With respect to Habitual be, it is a common misconception that AAVE speakers simply replace is with be across all tenses: For example in the present tense, "She be singing" for "She is singing." In fact, AAVE speakers use be to mark a habitual grammatical aspect which is not explicitly distinguished in Standard English. To be singing in this example means to sing habitually, not to be singing right now. In one experiment, children were shown drawings of Elmo eating cookies while Cookie Monster looked on. Both black and white subjects agreed that Elmo is eating cookies, but the black children said that Cookie Monster be eating cookies.[1][2]

The source of habitual be in AAVE is still disputed because some linguists suggest it represents influence from finite be in the 17th to 19th century English of British settlers. Other linguists feel that Scots-Irish immigrants may have played a larger role since their Ulster Scots dialects mark habitual verb forms with be and do be. Those are two of the diffusion hypotheses put forth in John Rickford’s paper, Social Contact and Linguistic Diffusion: Hiberno English and New World Black English along with an addition diffusion hypothesis, all grouped under diffusion as a potential origin, as well as a decreolization hypothesis.

The first diffusion hypothesis states that habitual be simply diffused into New World Black English from Hibernian English. A major boon in this hypothesis is that the sentence structures of both HE and AAE containing habitual be, are nearly identical. The examples given by Rickford are as following;

(1) Even when I be round there with friends, I be scared. (2) Christmas Day, well, everybody be so choked up over gifts and everything, they don’t be too hungry.

The first example is from Northern Hiberno English and the second is from an AAVE speaker.[3] Both sentences appear to have similar uses for the habitual be feature. But with this one major advantage, there are two big disadvantages for this diffusion hypothesis. One disadvantage is that even though habitual be could have spread from HE into NWBE and into AAE through contact in the Caribbean, there is no evidence that be was used as a habitual marker in the past, and it is not used as one today in Caribbean Creoles of English.[4] Caribbean English speakers use preverbal does to mark habitualness and only use be as filler between does and the sentence’s predicate. The second disadvantage is that this diffusion hypothesis does not take into account the distribution and co-occurrence of habitual do in Hiberno English. Do is the more common HE habitual marker but is used less in Northern HE. It is used more frequently in the form, do be, in conjunction with be in Southern HE.[5] Do also occurs with other verbs in both varieties of HE. This simple diffusion hypothesis is too simple in that it does not provide a clear picture of how be was diffused. A deeper look at the diffusion going between HE and NWBE is needed as well as a solution to the weakness of this hypothesis.

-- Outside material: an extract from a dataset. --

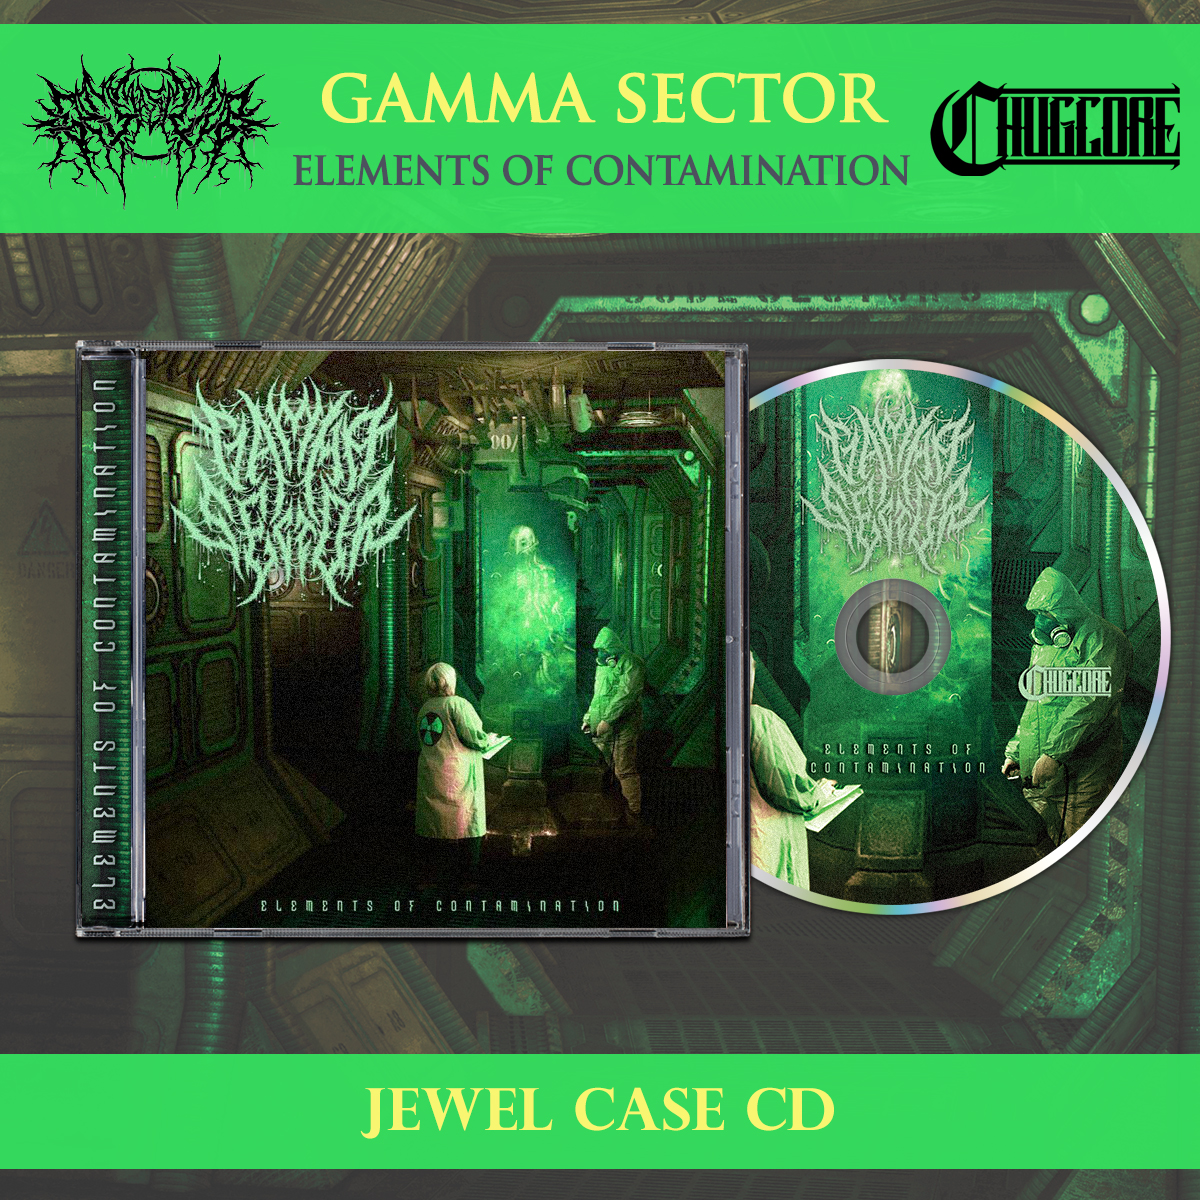 Gamma online shop

A modified, expanded, and improved diffusion hypothesis is the second attempt at finding the origins of habitual be in AAE. This hypothesis states that the geographical differences in use of be and do (be) by Northern and Southern HE speakers respectively accounts for the difference in use of be and does (be) in AAE and Caribbean English respectively.[6] During the 17th and 18th centuries, Northern HE speakers immigrated more to North America while Southern HE speakers immigrated to the Caribbean Islands, both, however working alongside African Americans. Although this expansion to include the differences in the dialects of HE accounts for the absence of habitual be in Caribbean English creoles, this hypothesis has its disadvantages as well. The first fault in this hypothesis is in distribution of do and be again. In Southern HE, do is more common with be than other verbs, but in Caribbean English, does is less common with be than other verbs.[7] Hibernian English marks habitualness on be while Caribbean English rarely marks it, if at all. A second fault is that there is not sufficient evidence to show that Southern HE speakers did not introduce do (be) to the American colonies, since there were Southern HE speakers in the colonies that worked closely with Blacks. Also, with this introduction, was a later vanishing of this feature, with it only surviving now in United States Sea Islands.

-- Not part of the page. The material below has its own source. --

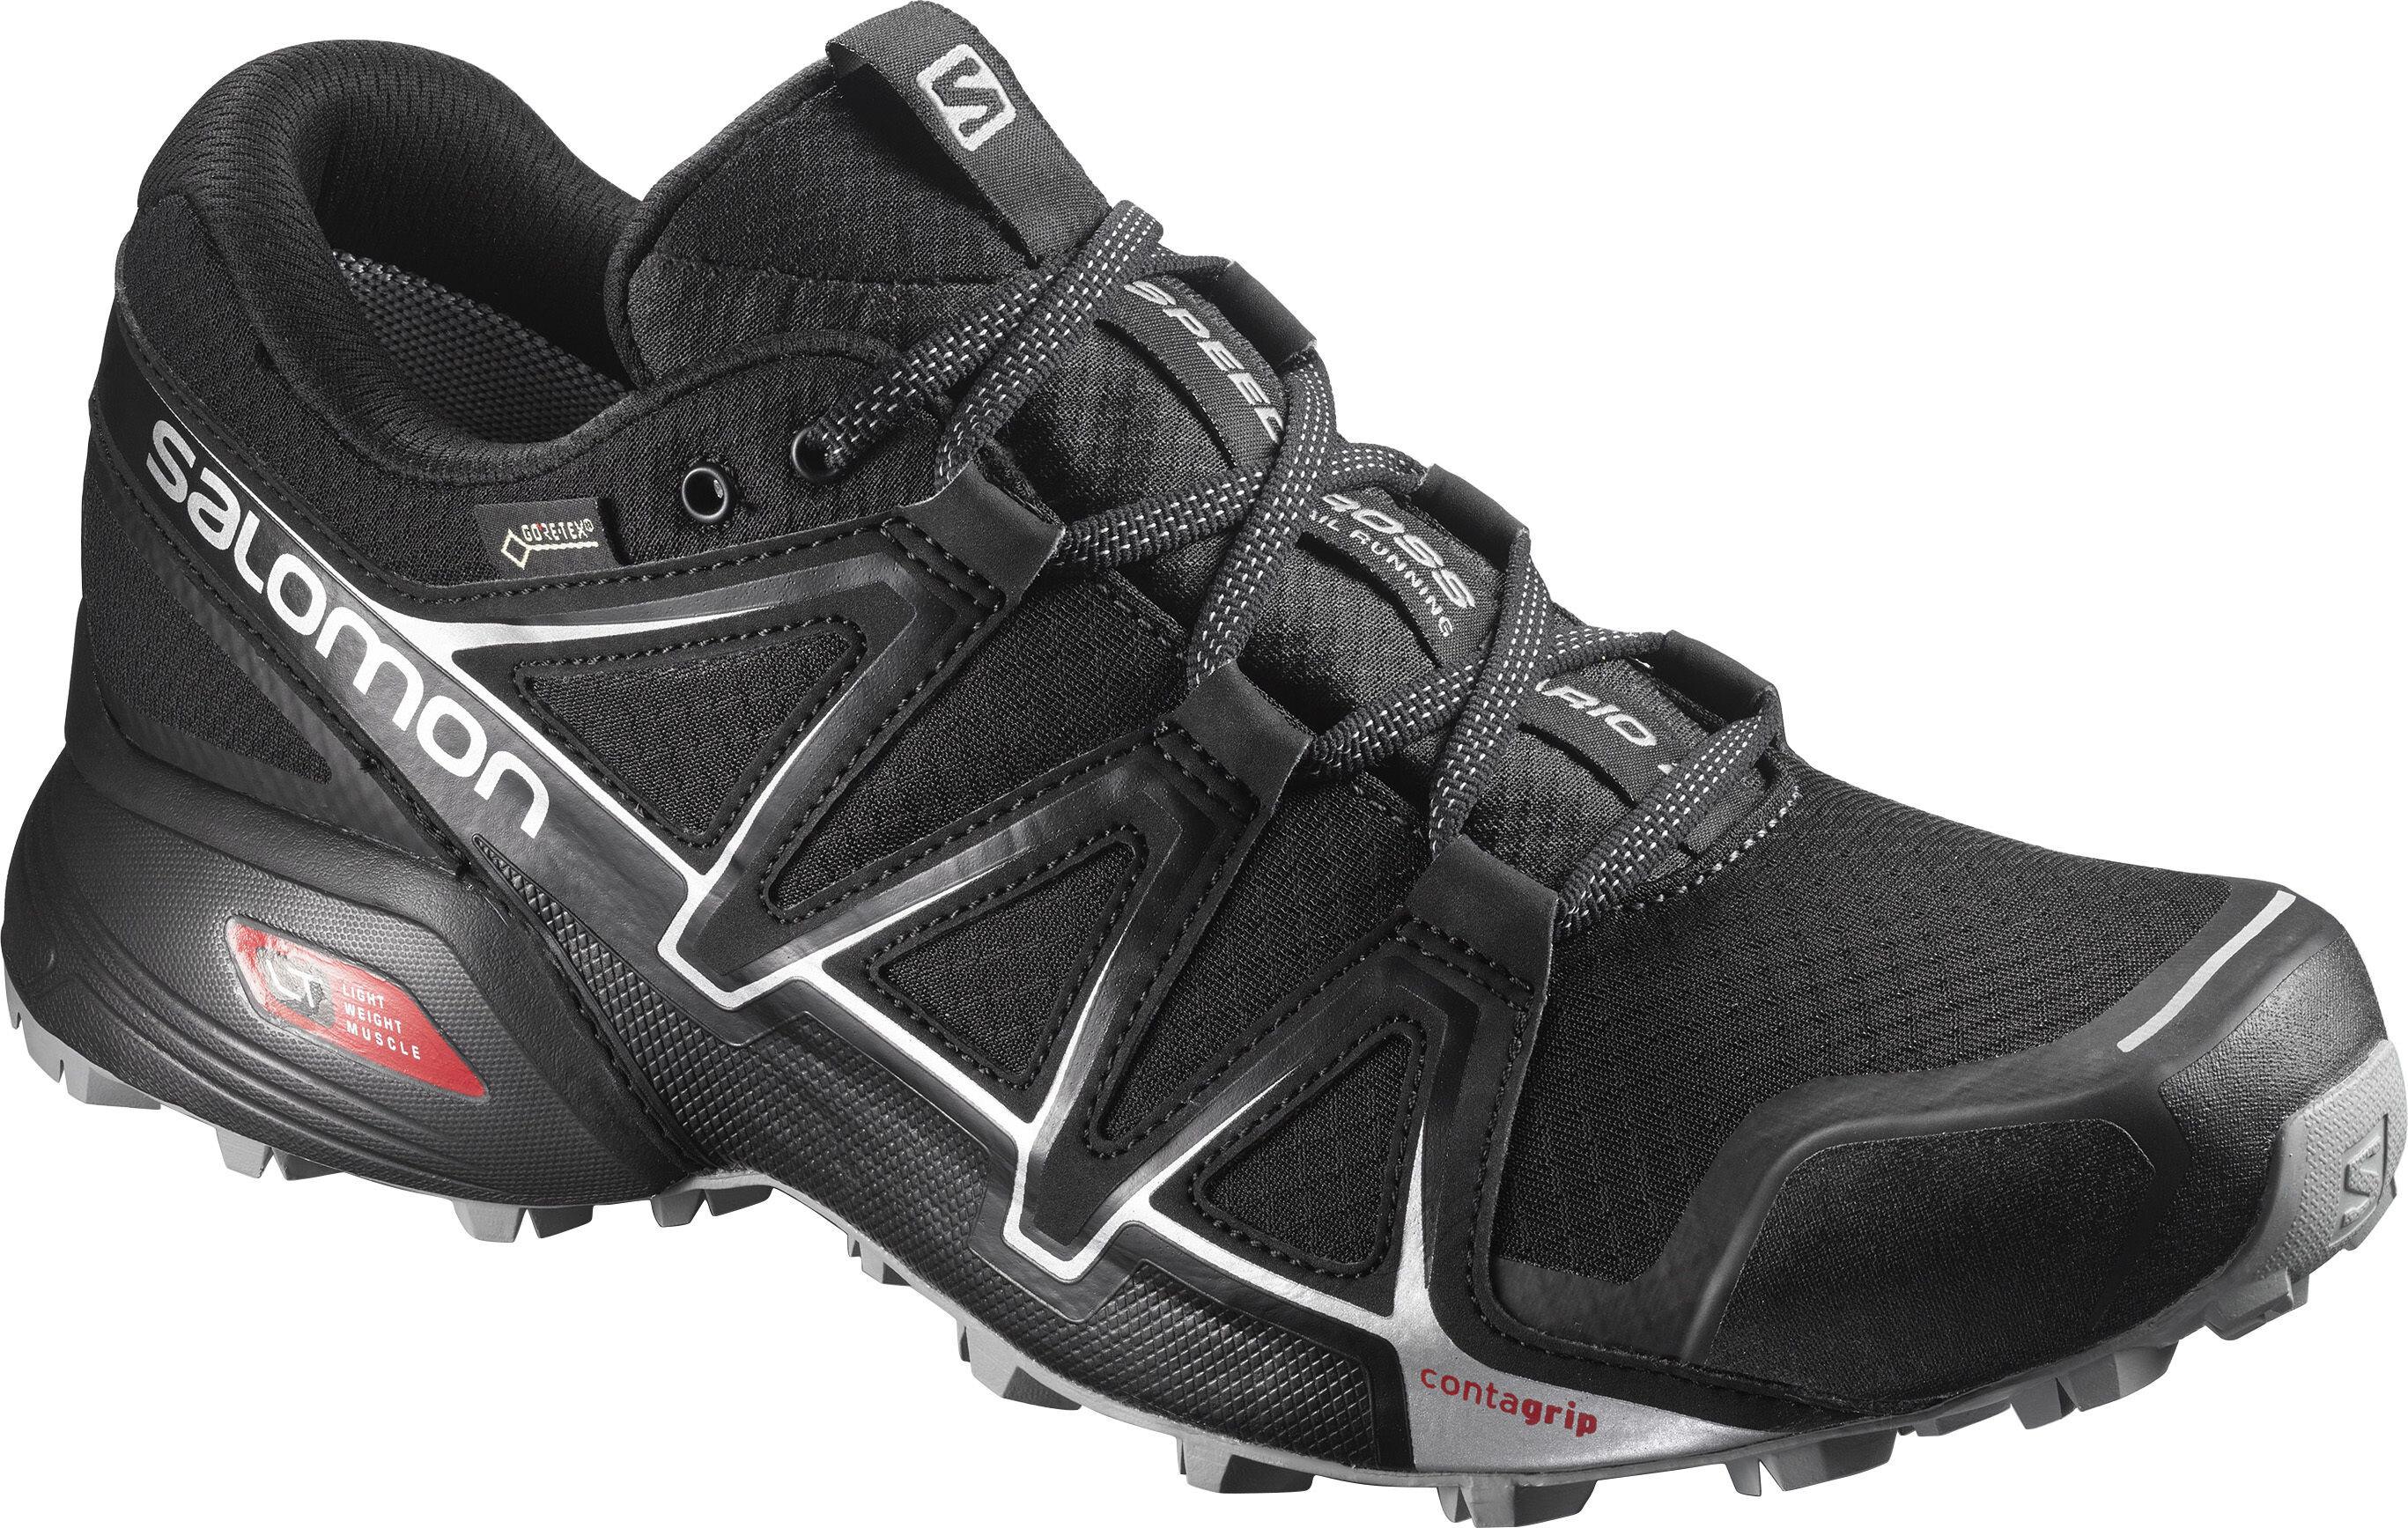 3c6d74847d1 Salomon Speedcross Vario 2 GTX - Chaussures running Homme - noir sur ...

A further expansion and modification of the diffusion hypotheses account for the periphrastic do found in Caribbean English creoles. This do feature was common in British English and persisted in the non-standard Southern and Southwestern English dialects that were used by the white colonials in the Caribbean colonies.[8] The Irish as well as the Blacks were both learning English at the same time, and both groups learned a new language while retaining the conventions of their native languages. In America, the Irish feature habitual be may have diffused into AAE while the two assemblages of people were in close contact and communicating with a new tongue. Or these British dialects could have had features that served as models for habitual do (be) in the Caribbean Creoles which in turn expended to AAE in the Americas. It is also worth noting that Southern and Southwestern British immigrants traveled to the American colonies as well and their dialects would have been used as a model to Blacks, leading to a drawback, the introduction and subsequent loss of habitual do (be) in America which was also the problem with the first expansion of the diffusion hypothesis.[9] Another, alternate theory for the origins of habitual be in NWBE and afterwards into AAE proves to be the most logical and strongest of the lot.

The decreolization theory for habitual be’s emergence in AAE is the most likely and most supported of the theories of its origin. It involves the decreolization process of Caribbean English creole, with the loss of does (be), which itself is a decreolization of a previous creole habitual marker, and its co-occurrence with be.[10] This process is seen as one code shift in the series of English learned by Blacks in the New World. The existence of a category of habituals in the native Caribbean languages at the basilectal level shows that over time, Blacks learned English while keeping the conventions of their native languages until code shifting replaced these old conventions with new ones. The evidence that Rickford gives is as following:

(18) Habitual aspect with a prepositional phrase or locative:

Stage 1: He (d)a de [dc] in the bed. (basilect)

Stage 2: He does de in the bed. (hab. (d)a -> does)

Stage 3: He does be in the bed. (loc. cop. de -> be)

Stage 4: He 0 be in the bed. (does -> 0; be 'habitual')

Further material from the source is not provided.